Одно время я подружился с Иваном Мызгиным, бывшим моряком. Он гордился своим дедом, революционером, написавшим книгу «Не бог, не царь и не герой». Он знал, что я пробую перо, поэтому охотно поведал мне о своей близости к литературе. С ним мы бывали и у меня дома, даже иногда я оставлял его у нас, спал, конечно, на полу. Потом, когда я ушел из театра, дружба наша сама собой распалась. Были люди разные, но не обо всех даже можно и рассказать, потому что самое интересное в них связано либо с каким-либо преступлением, либо с чем-нибудь неприличным.
Не помню точной причины моего ухода из театра, но, кажется, ушел потому, что работа была вечерняя и я из-за нее пропускал занятия в драмкружке. Вечернюю школу я посещать мог, потому что занятия в ней были в две смены – утреннюю и вечернюю, а вот драмкружок работал только вечерами.

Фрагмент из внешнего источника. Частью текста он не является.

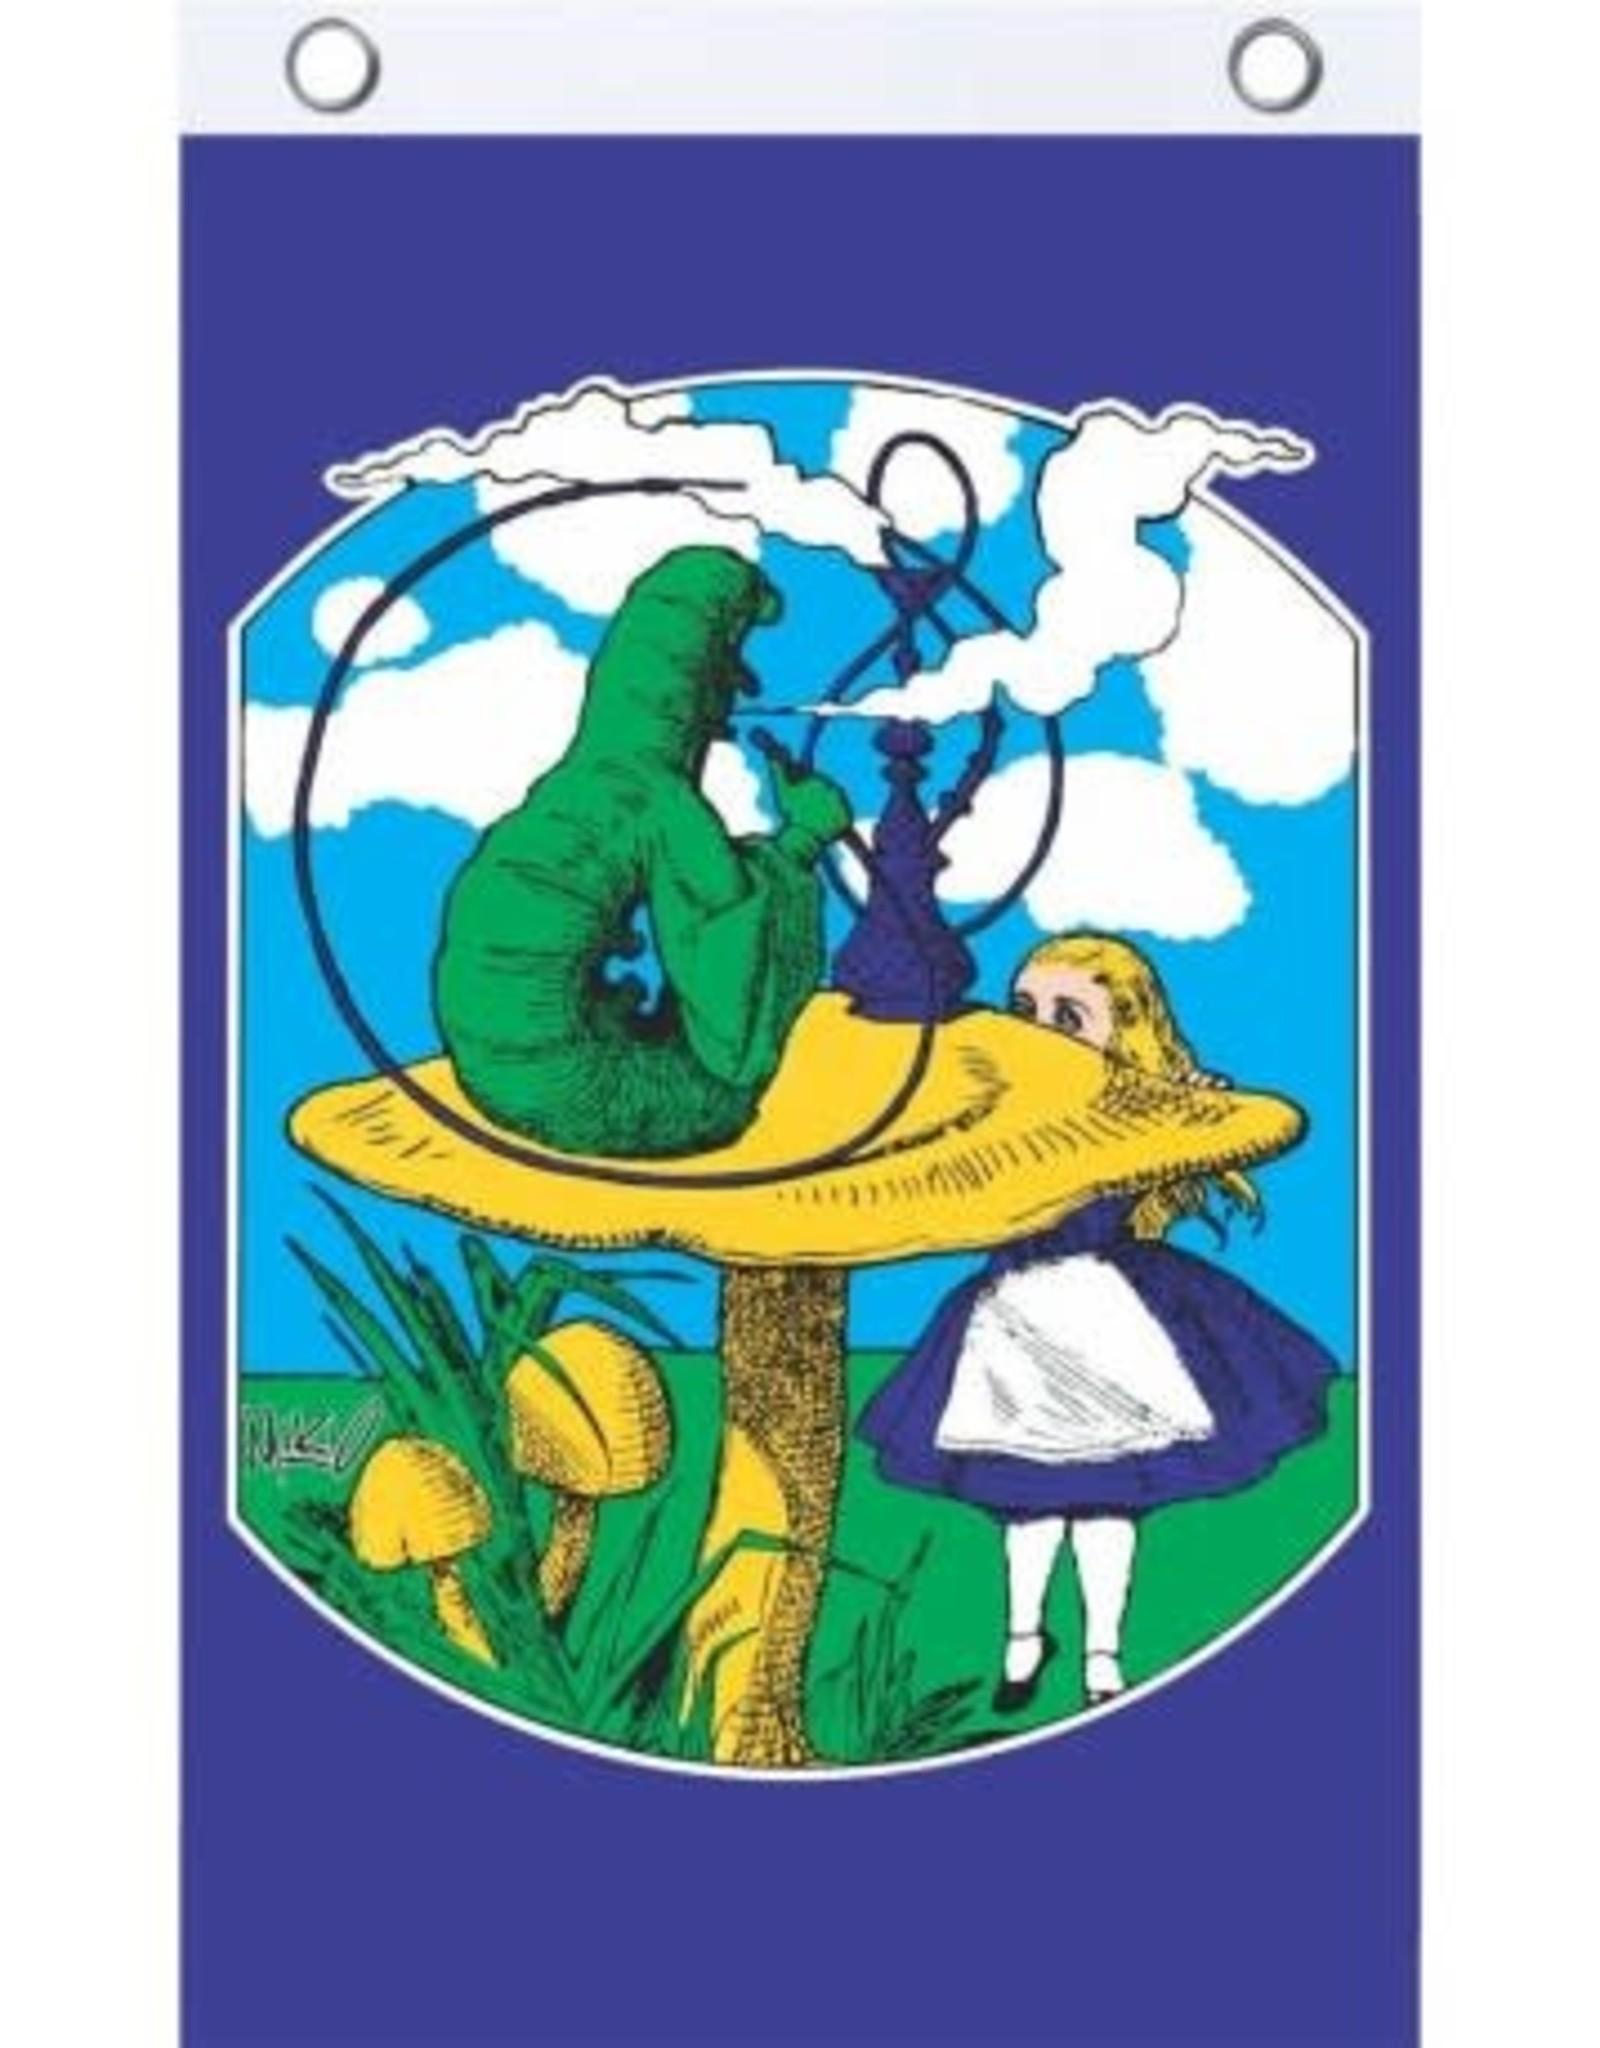 Alice in Wonderland Flag 3'x5'

После ухода из театра жизнь стала более напряженной. Я стал больше и систематичнее заниматься, стал больше читать. Увлекся Горьким. Его ранние рассказы, собранные в книге «По Руси», научили меня чувствовать радость простой физической жизни. Этому, конечно, способствовала сама молодость. Тогда же я прочитал «Дело Артамоновых» и две первые книги «Клима Самгина». С большой радостью открыл для себя Джека Лондона, тогда я прочитал его «Путешествие на «Снарке»». По утрам, когда не работал, я шел в газетный киоск покупать «Неделю» – приложение к газете «Известия», регулярно покупал «Курьер Юнеско» и журнал «Америка», который продавщица специально для меня откладывала. Читал журналы «Наука и жизнь» и «Вокруг света» – все это как-то расширяло мой кругозор.
В это время я вел записную книжку, в которую вносил свои жизненные наблюдения. В книжке появлялись какие-то записи политического характера. Я почему-то находил в жизни некоторую несправедливость – и это при том, что в целом был настроен социалистически, верил в социализм и в построение коммунистического общества. Тогда же я познакомился с учениями утопистов, читал «Город солнца» Кампанеллы, хотя читал поверхностно.
Пережив зиму 1961-1962 годов, я в очередной раз уволился с работы и решил навестить родное село Веселое. У меня был замысел – повидаться с друзьями детства, вообще навестить родную землю и оттуда пойти по Руси, как ходил Горький.
Хомутовка. Лето 1362 года
Никогда не забуду теплого июньского дня, когда я, сойдя с поезда в Моршанске, вышел в поле, которое начиналось сразу же за новым вокзалом. Ветерок трепал на мне рубашку, и я всем телом чувствовал его ласку и нежность, которые я отнес просто на счет родины, родной земли. Нет слов, чтобы выразить то состояние всего организма, состояние легкости и счастья, какое я испытал. Так меня встречала родная земля.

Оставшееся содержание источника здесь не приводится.